Mitterrand, who is the nephew of former President François Mitterrand, is openly gay.
The far-right Front National (FN) launched a campaign to oust the minister on Monday, when its deputy leader Marine Le Pen brandished the book during a television talk show.
“He describes in detail the manner in which he conducts sexual tourism and the pleasure he has in paying little Thai boys while being aware of the perversity of this system,” she said, calling on Mitterrand to resign.
President Nicolas Sarkozy's special advisor Henri Guaino has said Mitterrand should not have to step down from a position he only took up in June.
"There are no facts, there is just a book," he said.
Sarkozy has yet to comment on the latest row but in an interview with the Nouvel Observateur magazine this summer he called the book "brave and talented".

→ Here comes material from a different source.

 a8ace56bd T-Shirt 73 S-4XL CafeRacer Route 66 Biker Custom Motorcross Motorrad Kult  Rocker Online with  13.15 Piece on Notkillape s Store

But Labour Minister Xavier Darcos on Thursday called on Mitterrand to answer his critics and opposition politicians are demanding his resignation.

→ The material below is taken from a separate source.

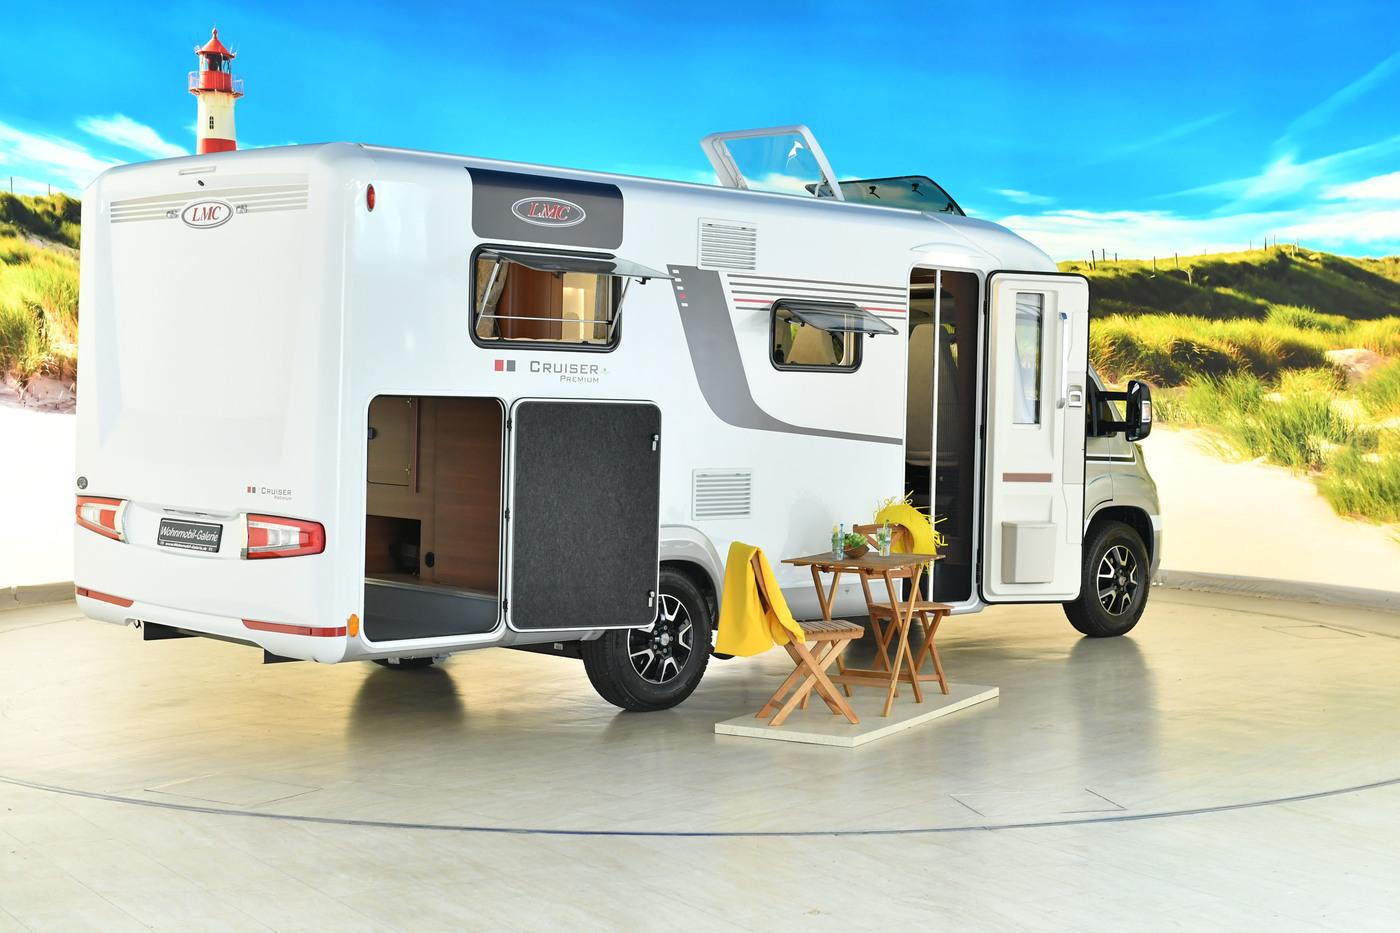 LMC - Cruiser Premium T 661 G - MJ 2019, Einzelbetten | buy used

“No one is tackling Frédéric Mitterand on legal grounds, he is being reproached for his personal behaviour, his moral behaviour. He must answer that. I think he should respond otherwise just simply through indignation,” said Darcos.
Socialist Party spokesperson Benoit Hammon on Wednesday evening declared that it was “unjustifiable and unacceptable” for a minister to have engaged in sexual tourism.
"As a minister of culture he has drawn attention to himself by defending a film maker accused of raping a child and he has written a book where he said he took advantage of sexual tourism. To say the least, I find it shocking," Hamon told Reuters news agency.
The scandal blew up in the aftermath of the arrest last month of Polish film-maker Roman Polanski in Switzerland.
Mitterrand called on the US to drop extradition proceedings over Polanski’s alleged abuse of an underage girl over 30 years ago and that seems to have prompted the FN's attacks.
"He’s got to go," said Marine le Pen at a demonstration on Thursday. “And perhaps [Foreign Affairs Minister] Mr [Bernard] Kouchner and [North Korea envoy] Mr [Jack] Lang should also go with him. They also immediately defended Mr Polanski, which means that they haven’t turned the page on the worst years and the worst tendencies of 1968 when they signed petitions for the decriminilisation of sex with minors.”
The 62-year-old Mitterand has so far dismissed the attacks.
“If the National Front drags me through the mud then it is an honour for me,” he said. “If a left-wing politician drags me through the mud then it is a humiliation for him.”